_WHAT YOU ARE ASKED TO DO_. Stop after the line with "<i>Blue Green Stand,</i>". Up to that point, output every line of the listing below exactly from the first one onward, skipping pictures.

_EXTRACTED INFORMATION_.
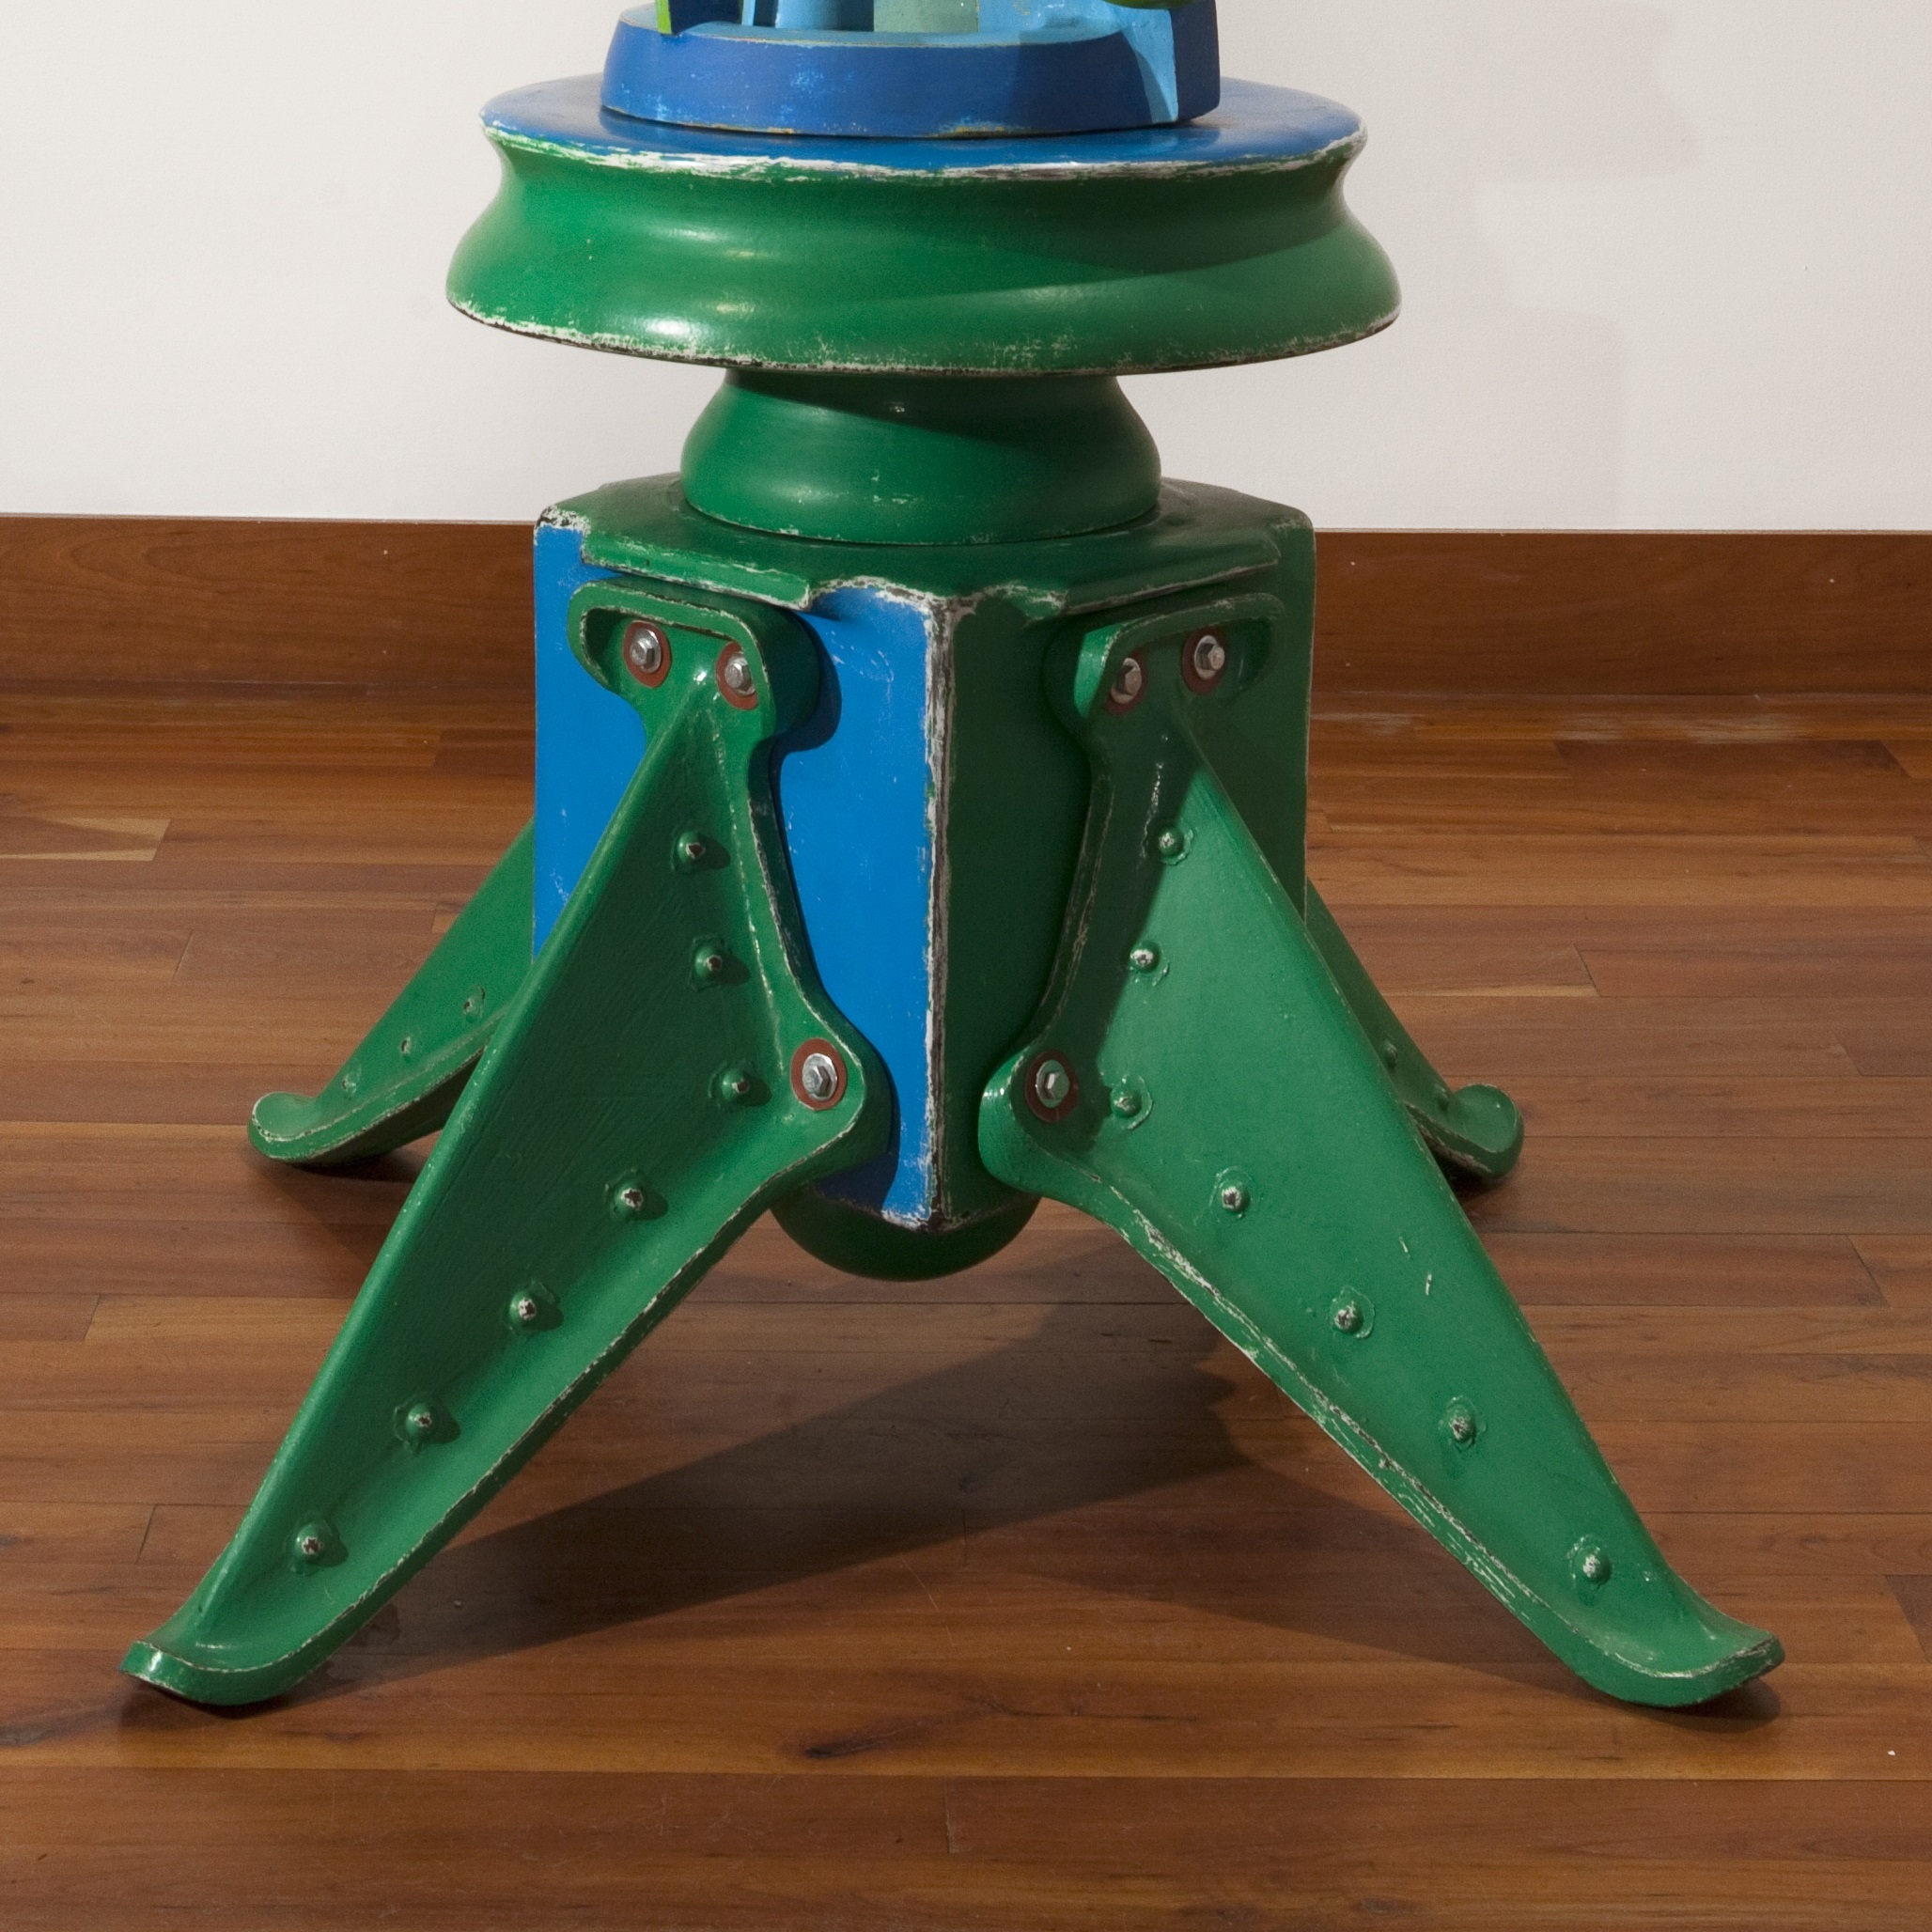 

											Doug Herren</b>

											<em>
												Selected Works</em> 

											<h4>
												Santa Fe: December 30 - March 18, 2023											</h4>

		                																																Doug Herren,  
																																								<i>Blue Green Stand,</i>  
																																								2012, 
																																								ceramic, enamel paint, 
																																								30 1/2 x 34 1/2 x 34 1/2 inches 
																								
		                				
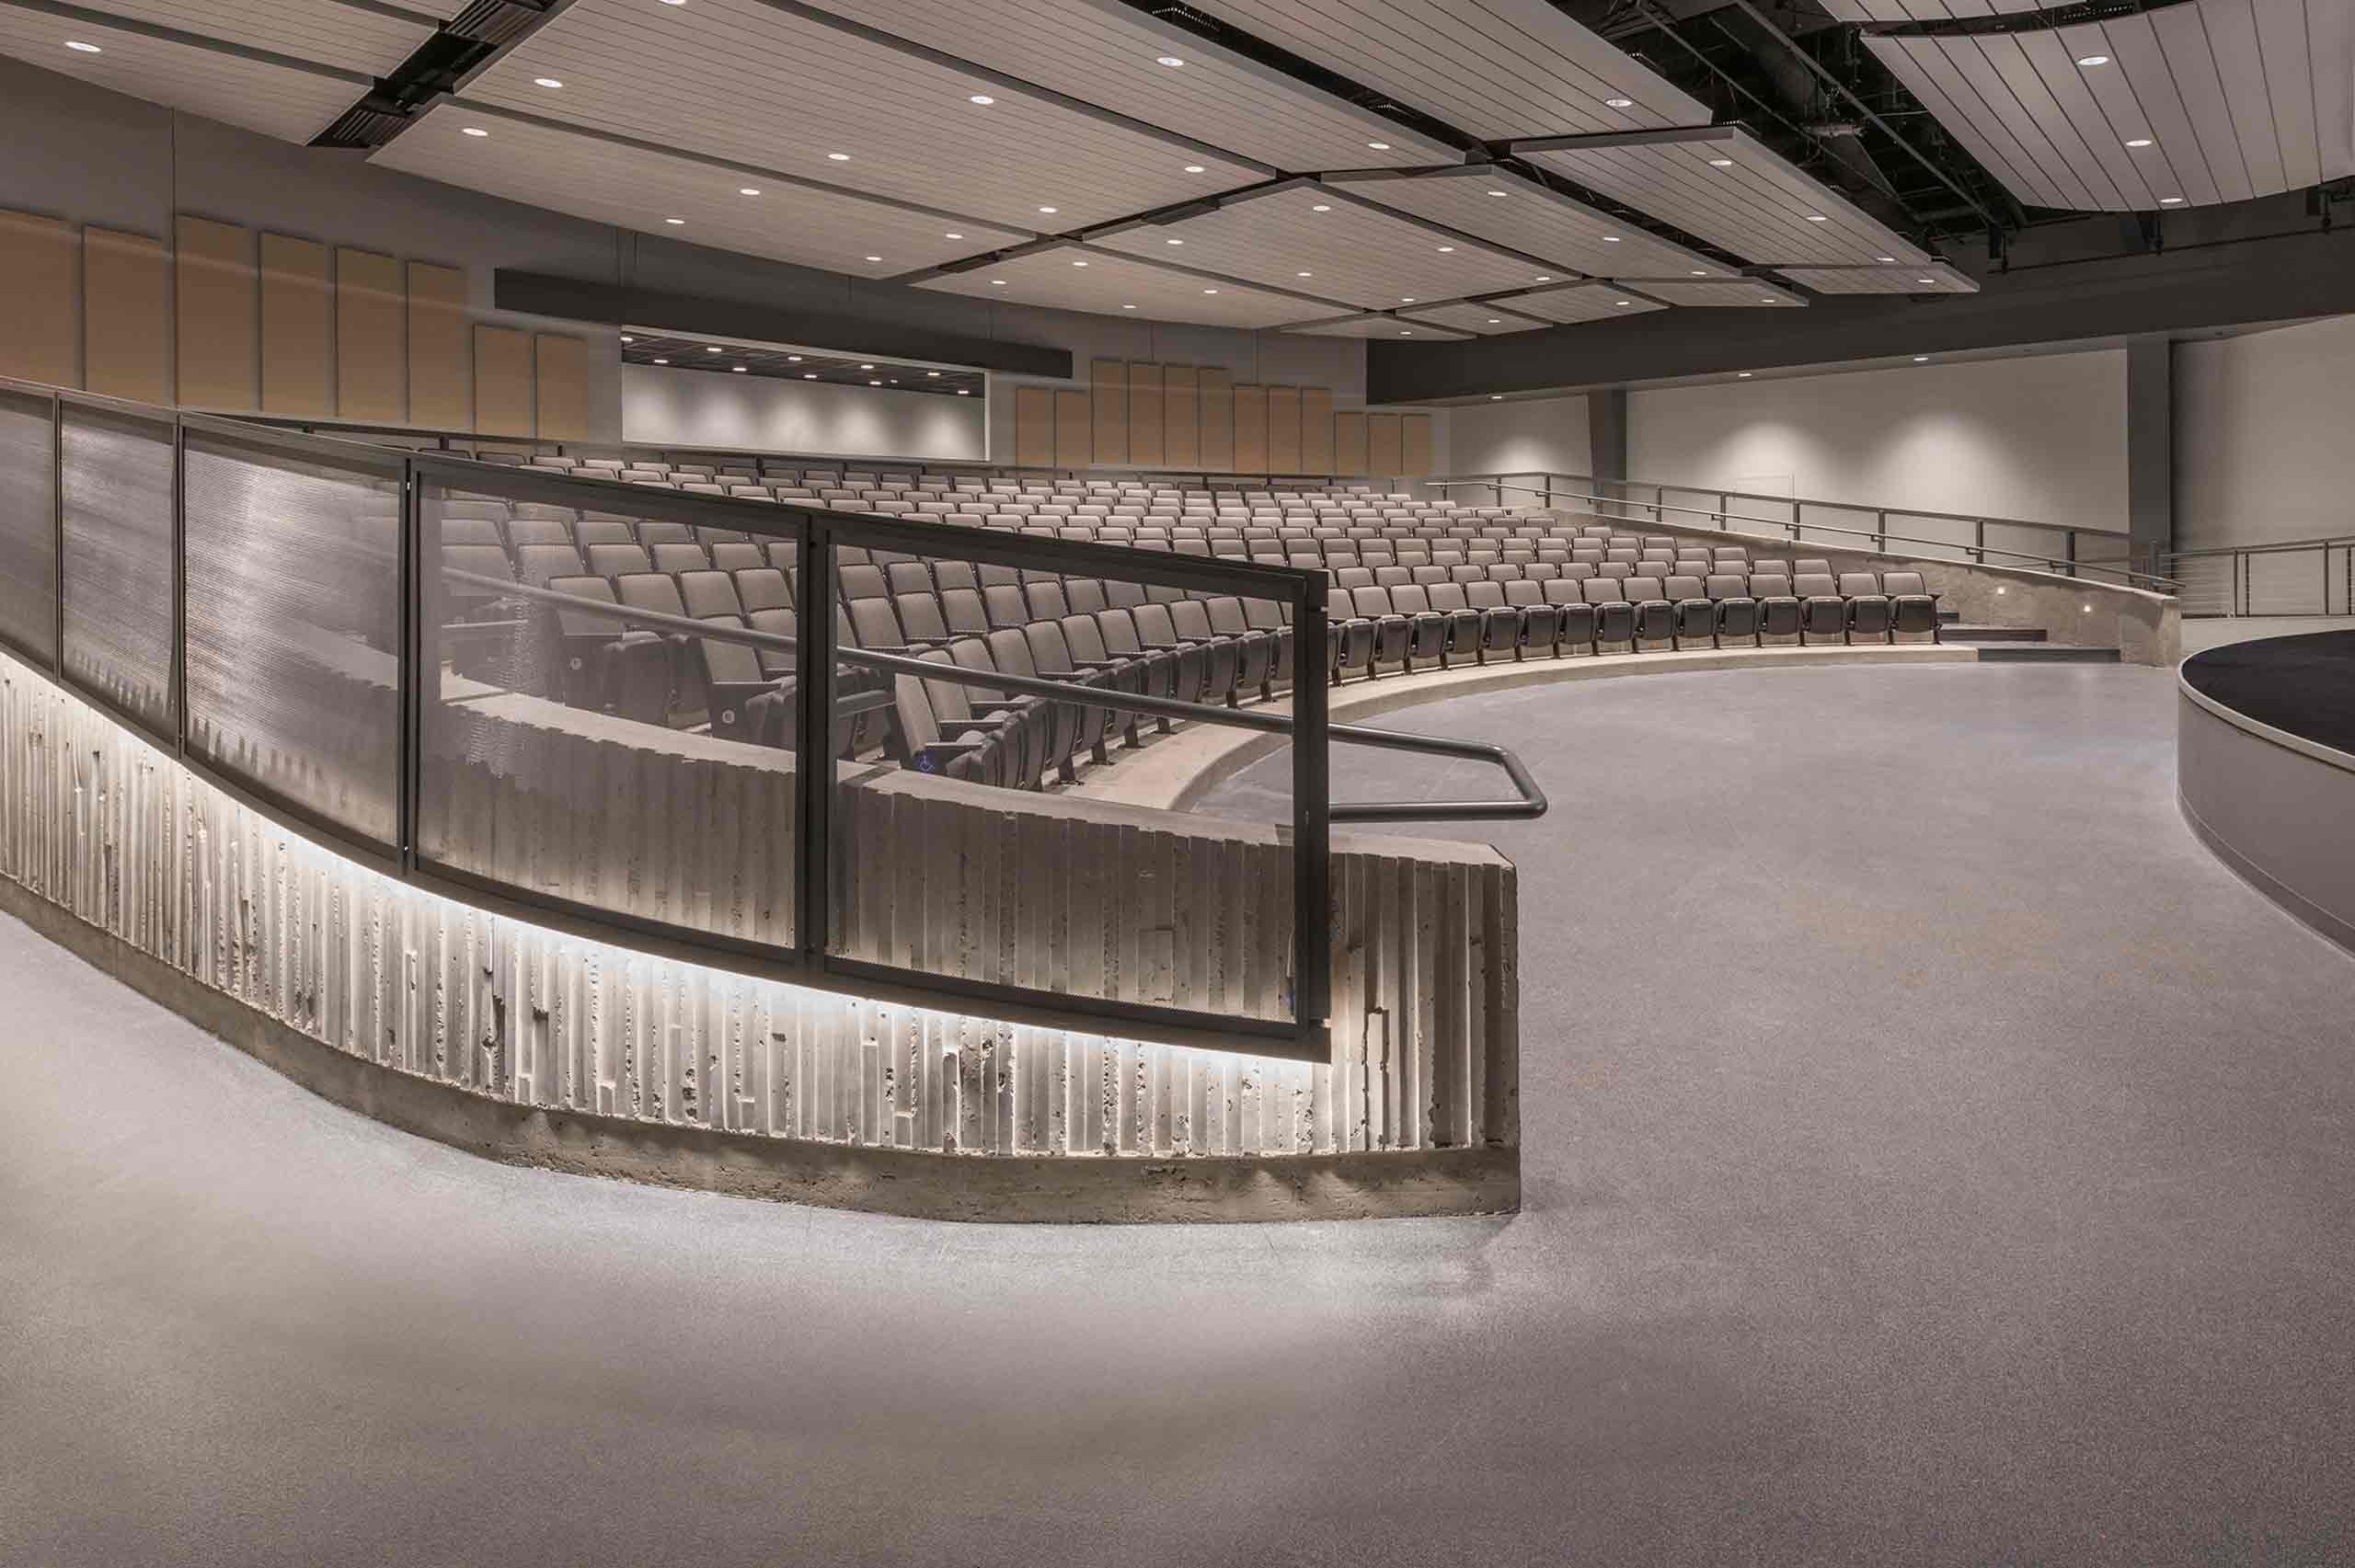 indoor community theater audience seats

_FINAL ANSWER_.
											Doug Herren</b>

											<em>
												Selected Works</em> 

											<h4>
												Santa Fe: December 30 - March 18, 2023											</h4>

		                																																Doug Herren,  
																																								<i>Blue Green Stand,</i>  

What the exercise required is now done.